TASK OBJECTIVE: Please repeat the data below exactly, with the pictures removed.

STORED DATA:
:::
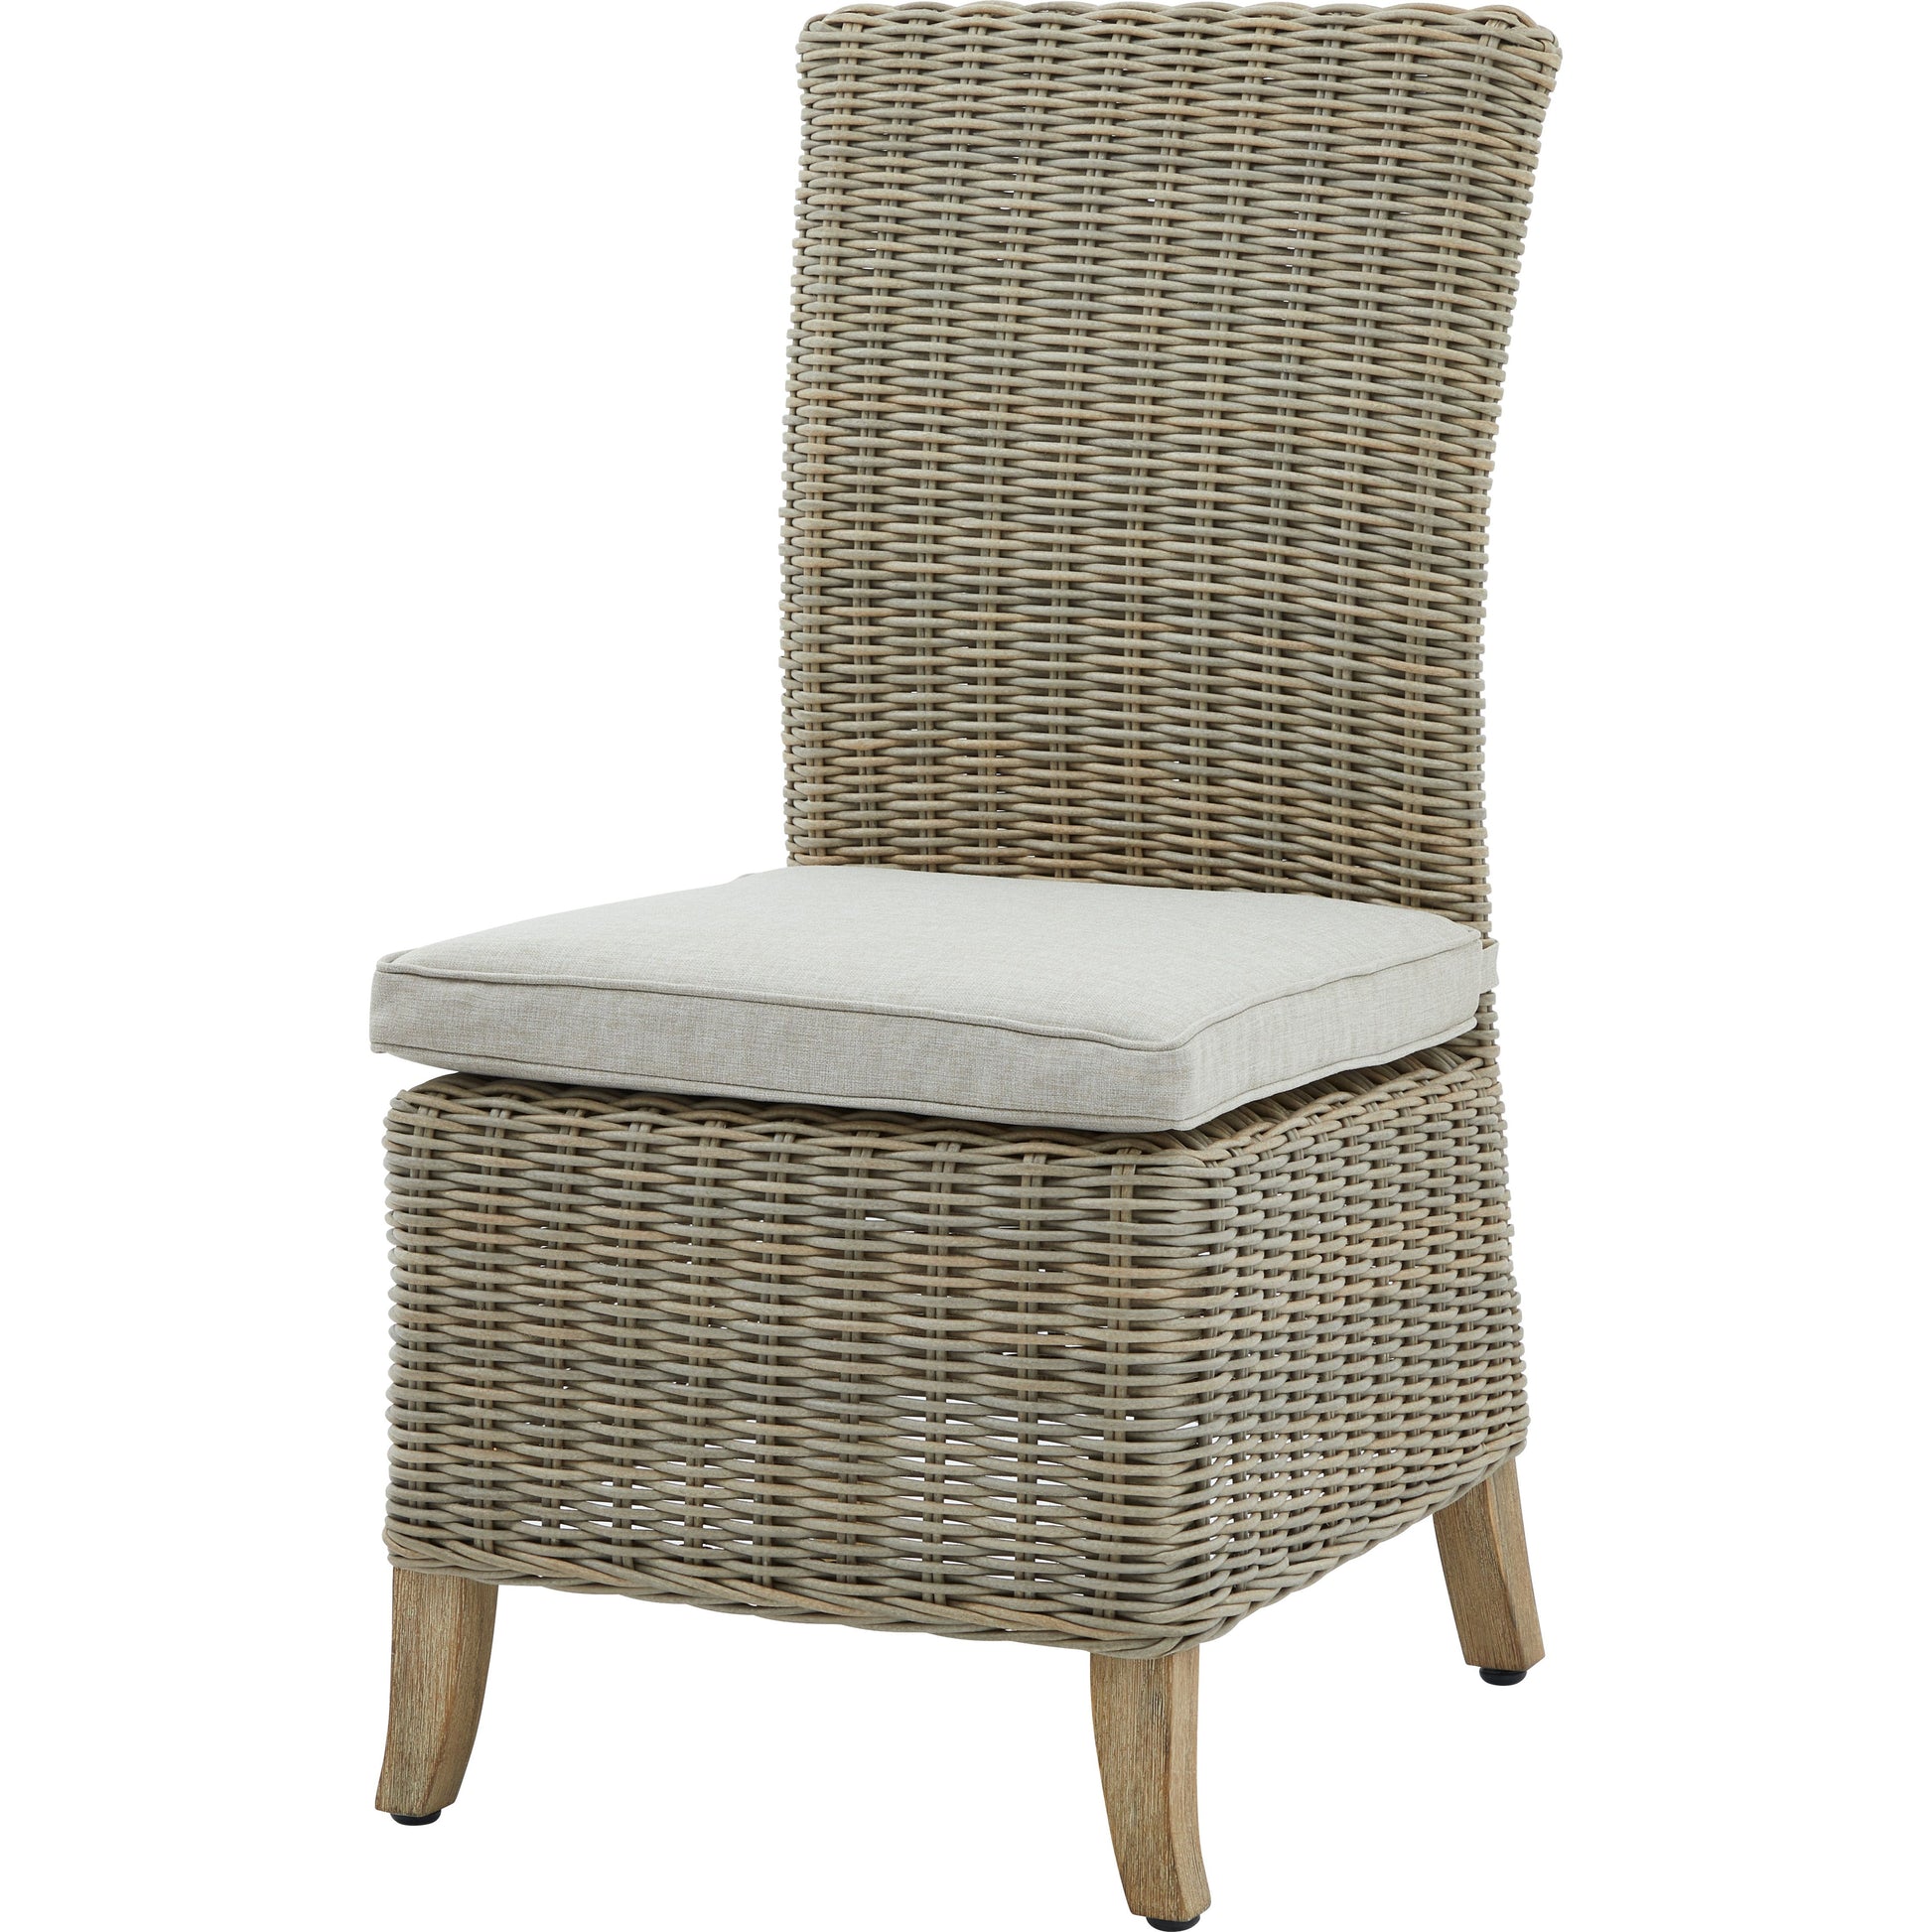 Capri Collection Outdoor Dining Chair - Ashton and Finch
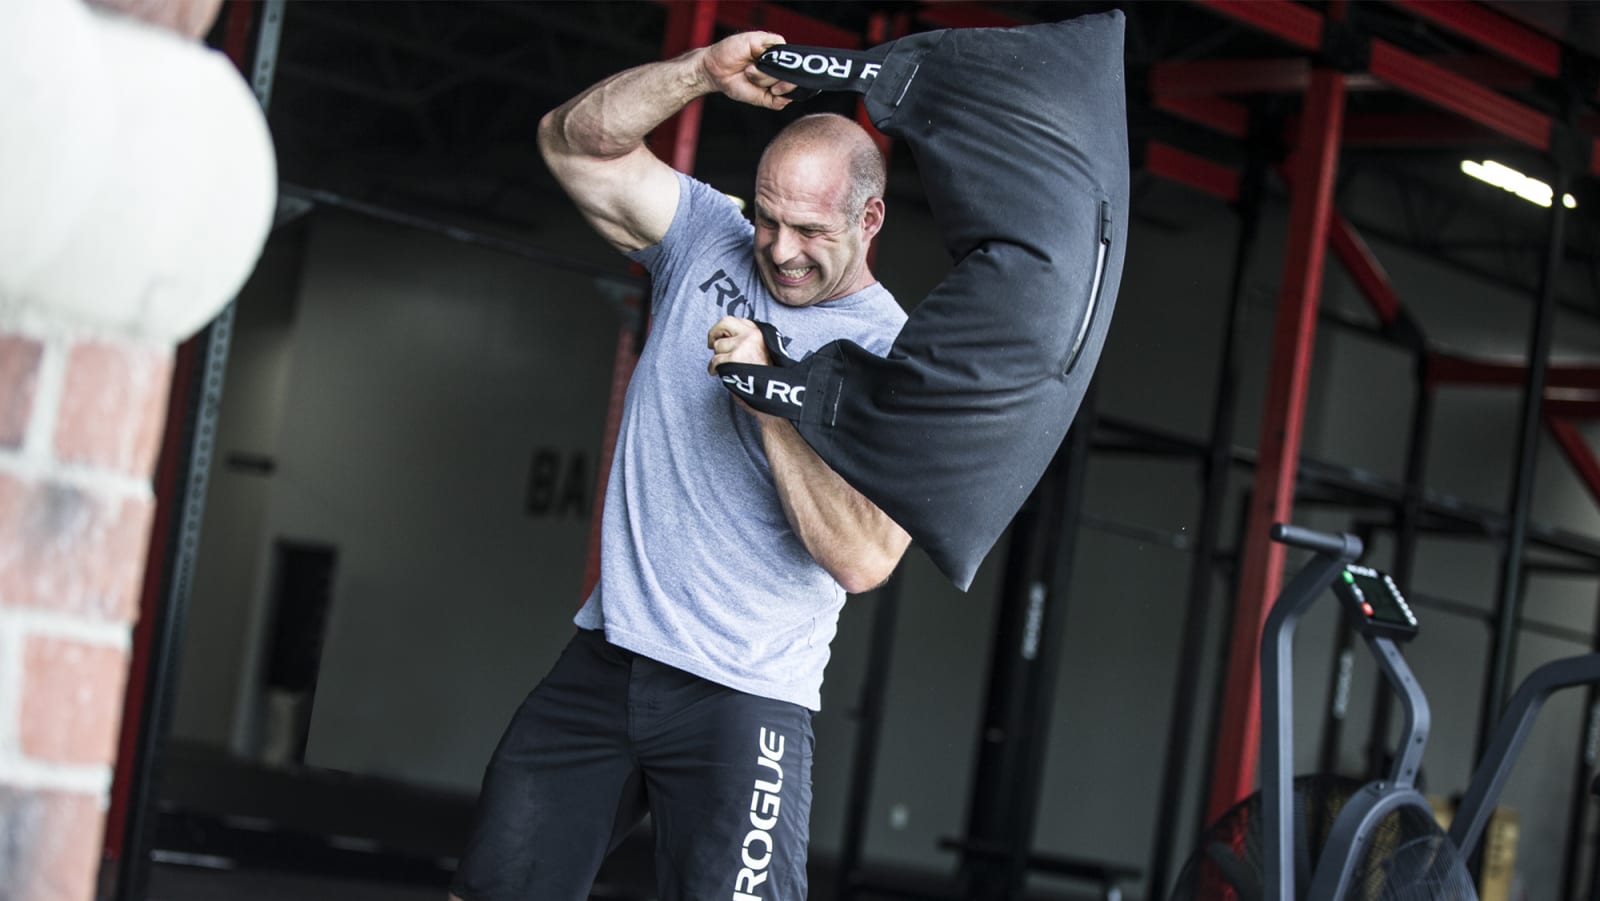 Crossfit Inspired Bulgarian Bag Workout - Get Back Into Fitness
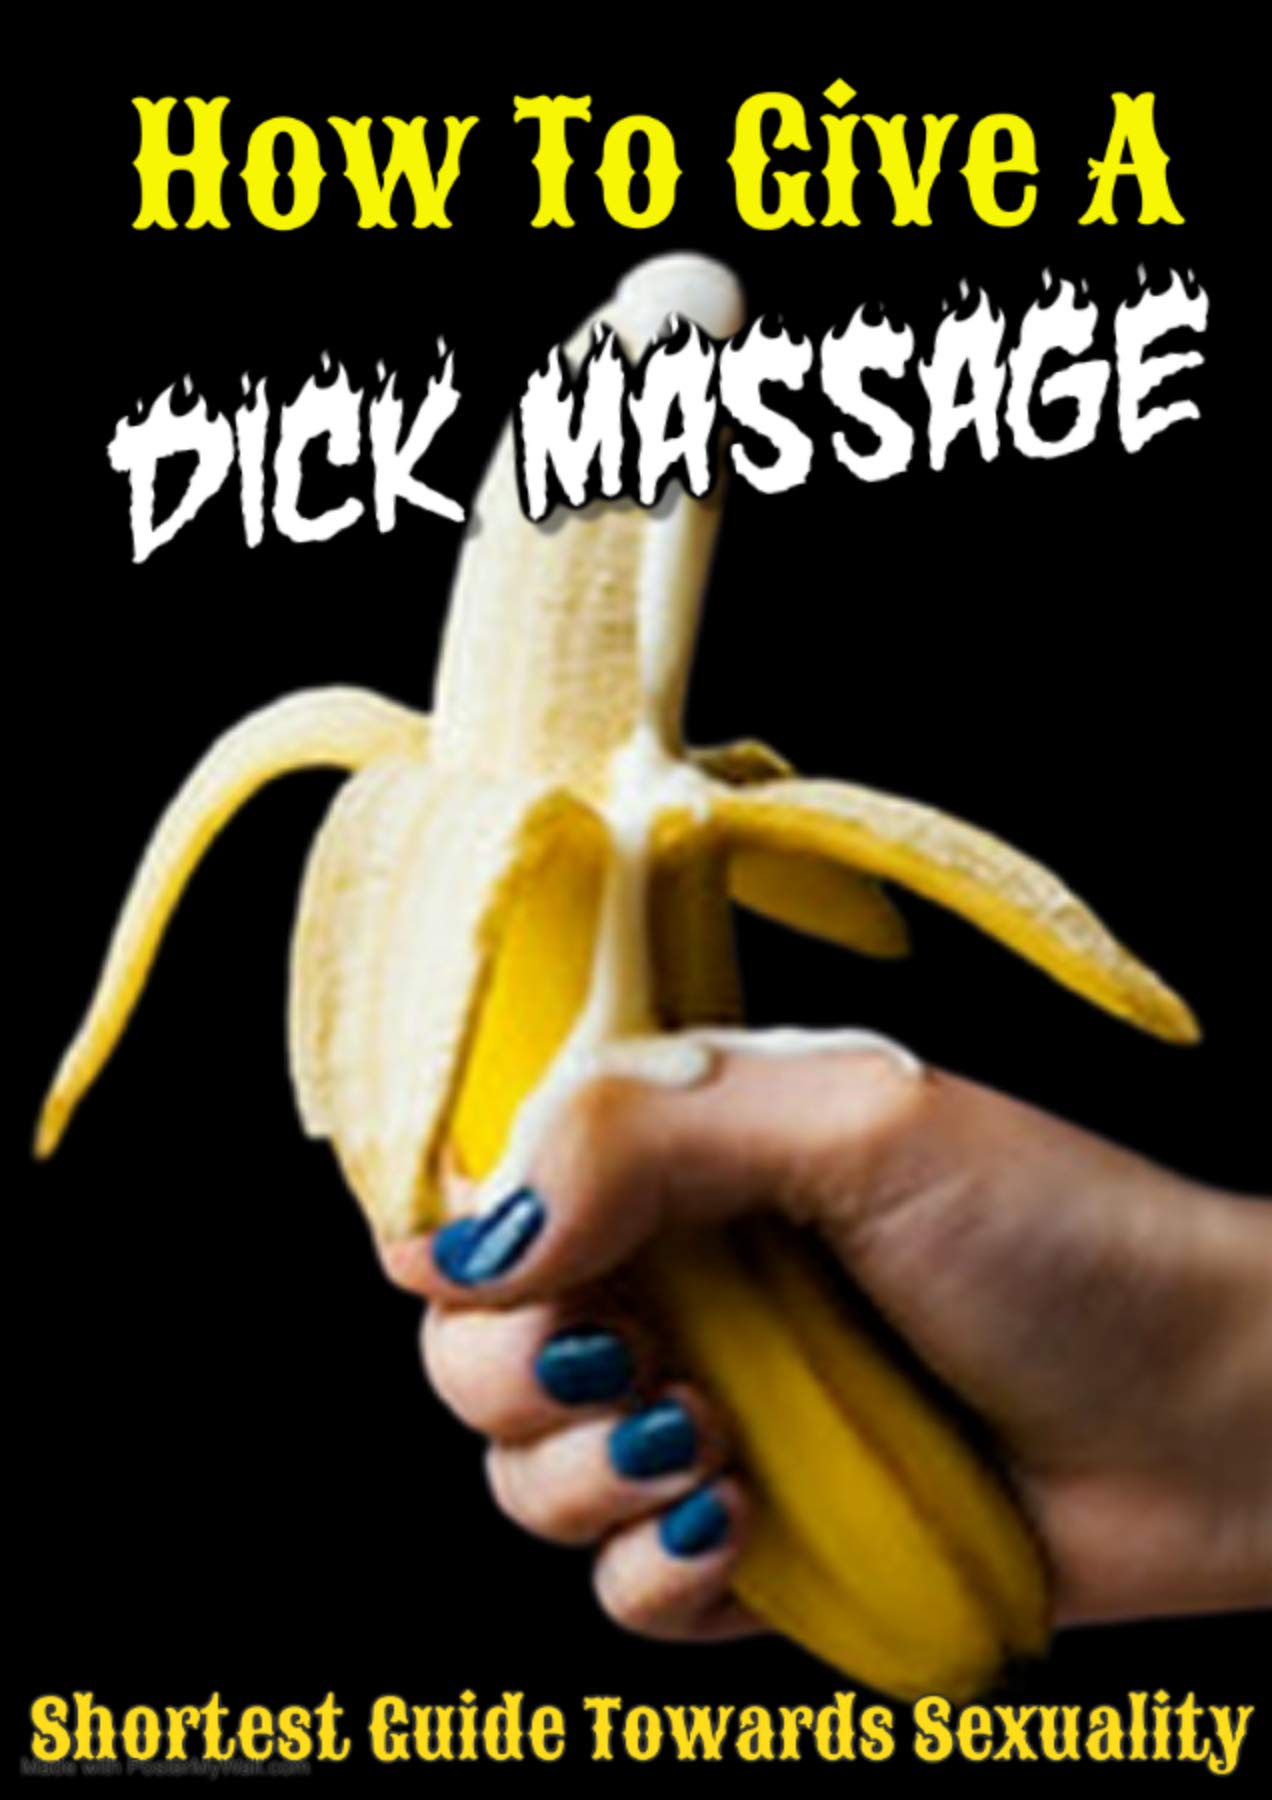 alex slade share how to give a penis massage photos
:::
SOLUTION TO THIS PROBLEM:
 Capri Collection Outdoor Dining Chair - Ashton and Finch
 Crossfit Inspired Bulgarian Bag Workout - Get Back Into Fitness
 alex slade share how to give a penis massage photos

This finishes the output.